Drought begins to impact Bay Area food prices

If you've been grocery shopping lately, you've no doubt noticed that your food bill is getting more expensive.
March 18, 2014 12:00:00 AM PDT
If you've been grocery shopping lately, you've no doubt noticed that your food bill is getting more expensive. To show you why, all you have to do is look outside. It is a beautiful day and another day without rain. The drought is driving up the cost of milk, meat, and vegetables.

If you glance through the menu at Radius in San Francisco's South of Market area, you'll see prices have stayed the same for several months. That's because the owner and the chef have been closely watching the prices of food coming into their kitchen. Unfortunately, because of the drought, their job is going to get much tougher since prices will climb.

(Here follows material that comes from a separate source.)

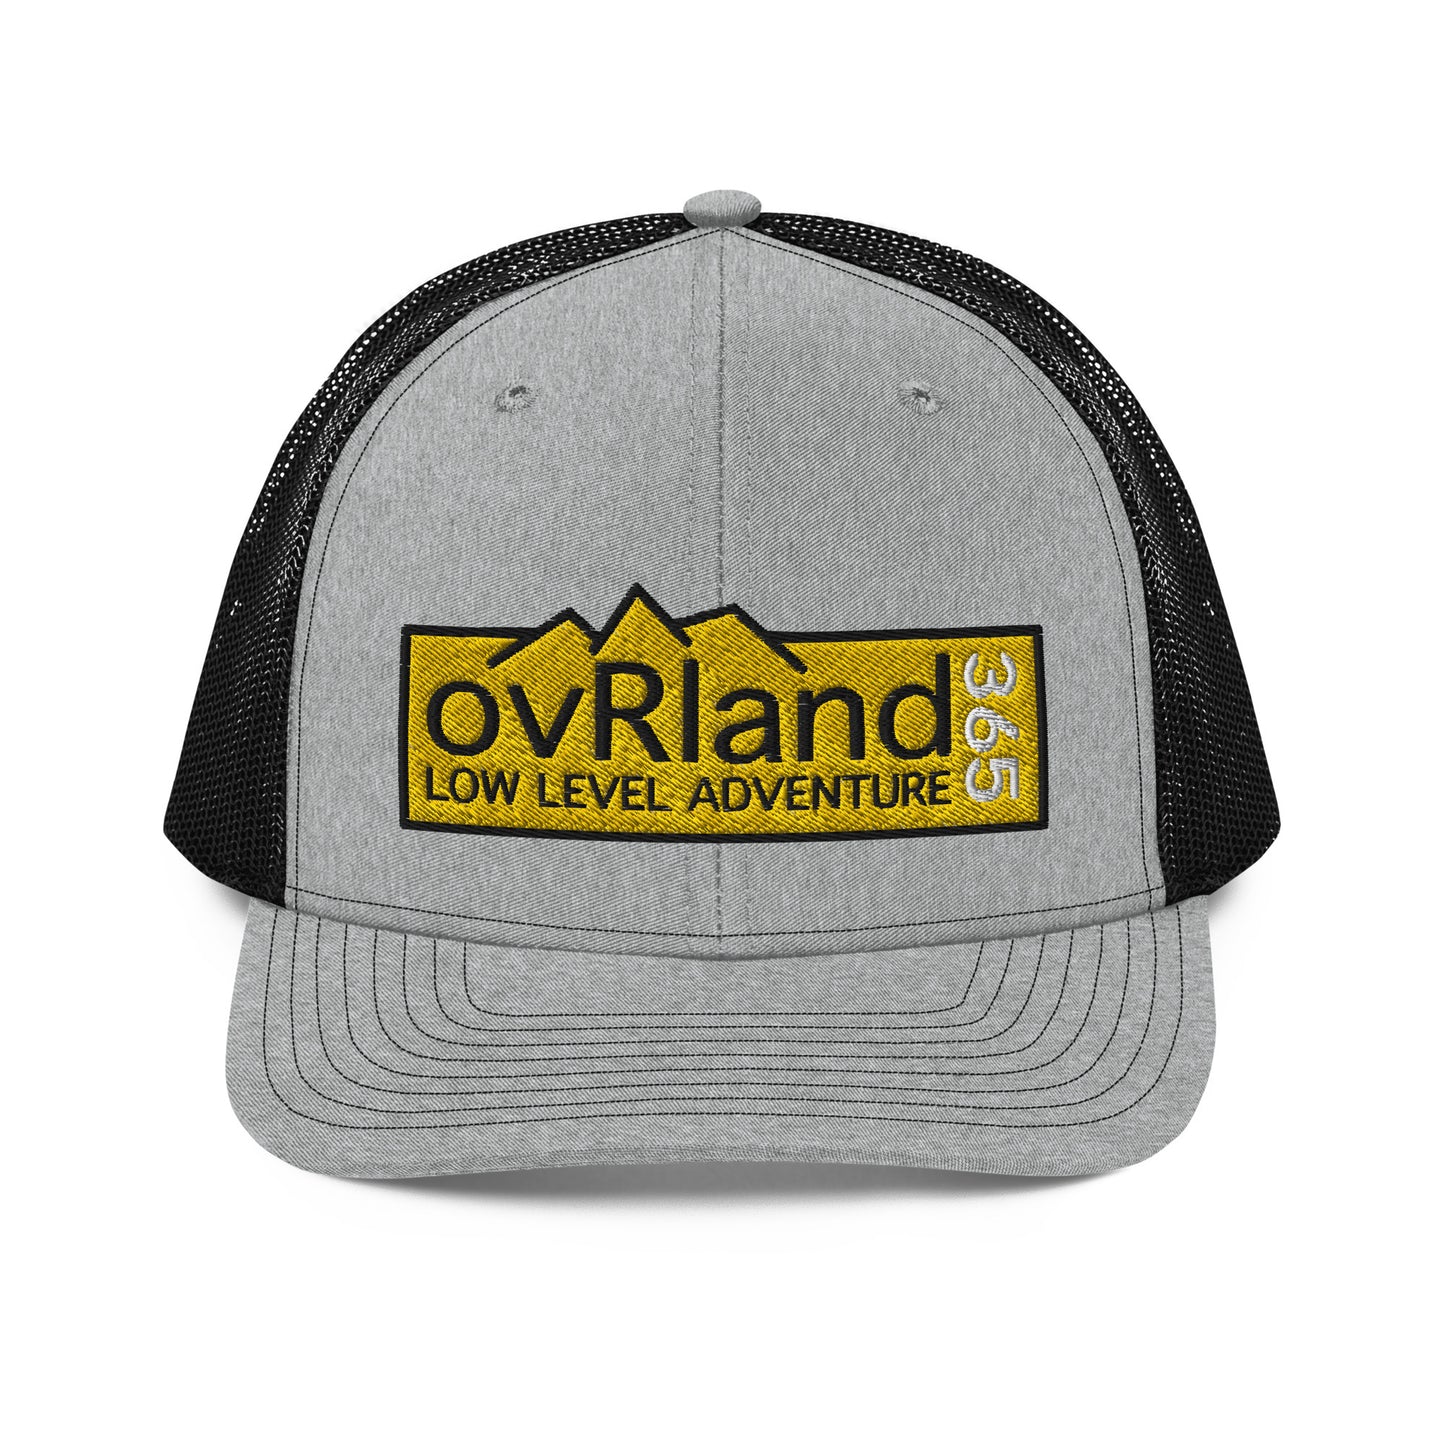 ovRland365 - Low Level Adventure overland hat. grey/black front view. overland365.com

The most noticeable food item in the radius kitchen affected by the ongoing drought is beef.

"Beef prices, they historically drop after the holidays, and they've sustained," said Jon Whitehead, the owner of Radius.

What would normally be a $9 per pound piece of beef is a little more than $10 a pound because hay and grass fields are bare.

"Basically, our suppliers are going to have to start feeding grain and corn-fed to be able to give us cattle and that's going to drive up the prices," said Whitehead.

And that's not the only drought-affected food. At the SOMA supermarket around the corner the operator there says they hiked up the price of milk last week. It had been about 80-cents-a-gallon cheaper. And then there's the produce. Higher prices about this time of year are normal because of the transition from winter to spring. The concern is about prices later in the year.

"As the new crops come in the prices are high, but this year we expect them to go higher because some of the crops have been eliminated, mainly because they just won't have enough water," said Peter Carcione, a produce wholesaler from the Carcione Fresh Produce Company in South San Francisco.

Carcione's colleague at Green Leaf Foods in the Bayview District of San Francisco says prices may spike, but not for everything.

"There might be products that are really affected, and other ones that are not. So I think you have to wait and see, and then I think people will also adjust what they eat a bit, to what products are available," said Frank Ballentine, the president of Green Leaf Produce.

The biggest problem for produce prices later this year are farmers are planting fewer acres because of the drought, so there's just not going to be a lot of product on the market.